Para pengungsi LGBT mengatakan bahwa mereka telah diabaikan oleh Departemen Dalam Negeri dan harus tinggal di rumah aman.
“Saya tidak bisa tinggal di negara ini lagi. Saya merasa bahwa setiap saat keluarga saya dapat menemukan saya dan membunuh saya, ”kata salah satu dari mereka saat ini di sebuah rumah aman di Istanbul, Turki.
“Satu pengungsi LGBT Suriah yang saya tahu telah menunggu lebih dari dua tahun agar Departemen Dalam Negeri Inggris membawanya ke tempat yang aman. Dia ditikam dua kali karena seksualitasnya.”

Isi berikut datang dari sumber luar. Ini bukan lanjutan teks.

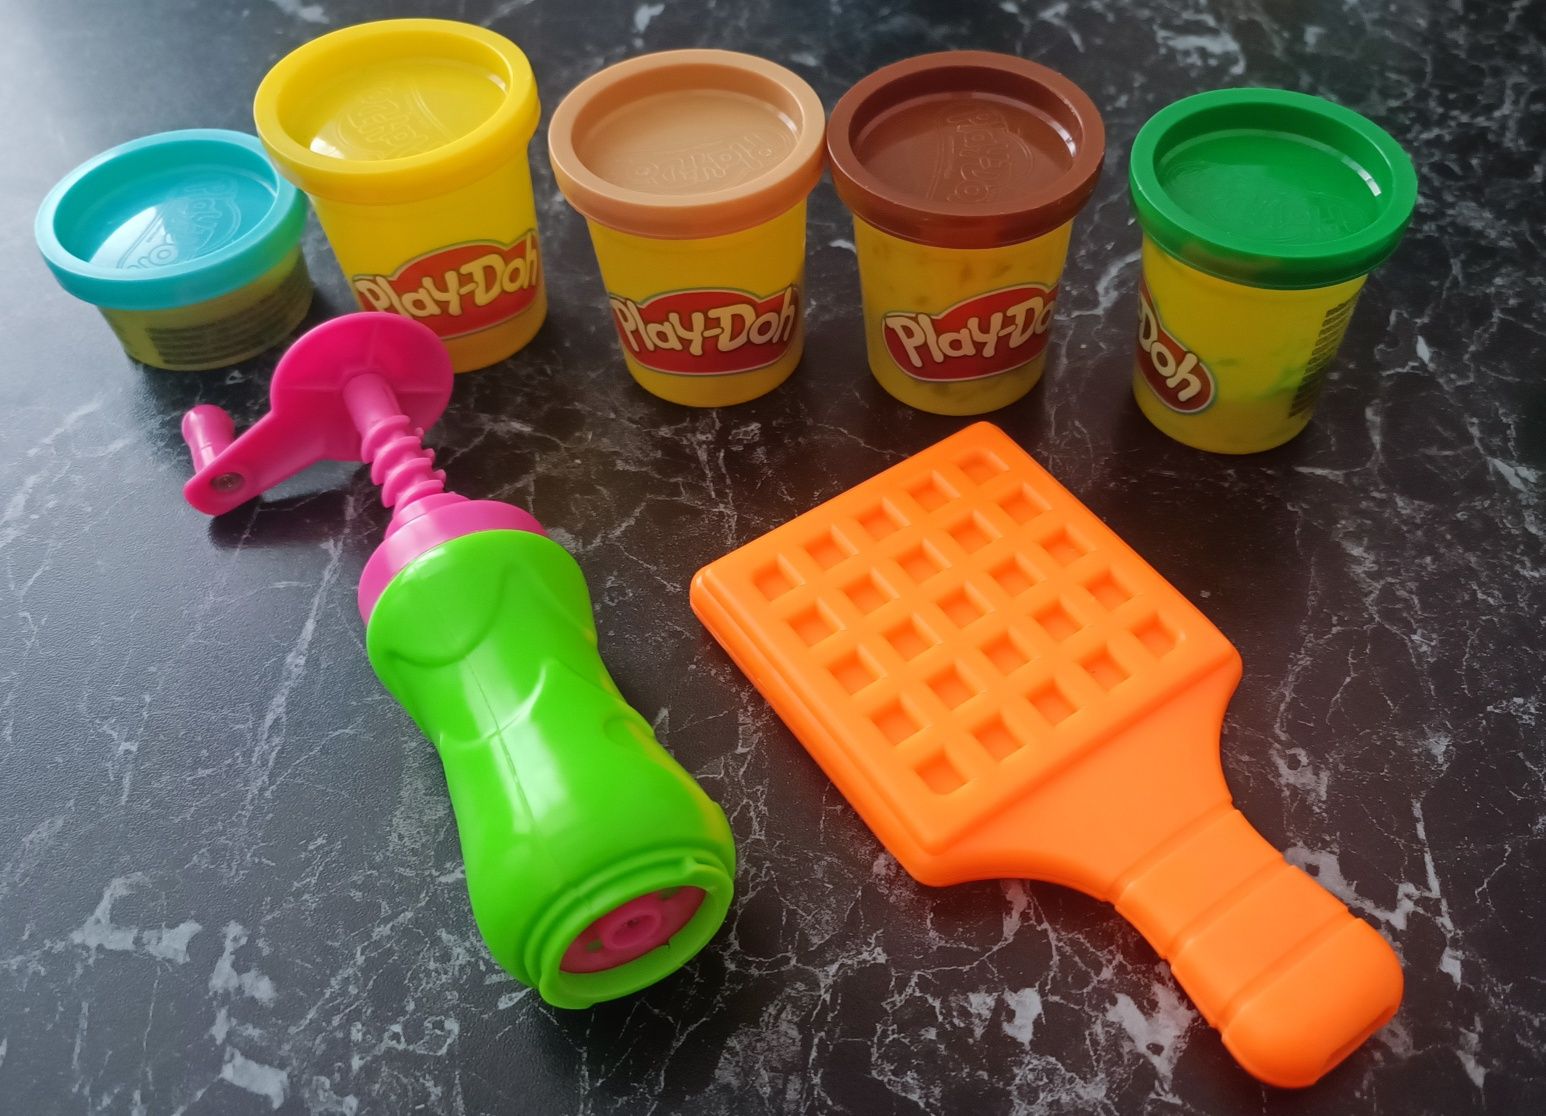 Play-Doh бургер гриль + додаткові предмети

Homoseksualitas bukan ilegal di Turki, tetapi mereka yang mengidentifikasi LGBT sering menjadi sasaran serangan dan pelecehan homofobia. Hande Kader, seorang perempuan transgender berusia 22 tahun, dibunuh secara brutal pada Agustus 2016 – hanya beberapa minggu setelah pembunuhan pengungsi gay asal Suriah, Wisam Sankara.
Gugatan hukum kelompok itu mengklaim pejabat pemerintah “membuat mereka diperlakukan tidak manusiawi dan merendahkan martabat manusia dan melanggar hukum hak asasi manusia” dan menyerukan tindakan segera diambil oleh Departemen Dalam Negeri Inggris.
Pengacara Toufique Hossain dan Sheroy Zaq, yang mewakili kelompok itu, telah mengunjungi mereka di Istanbul.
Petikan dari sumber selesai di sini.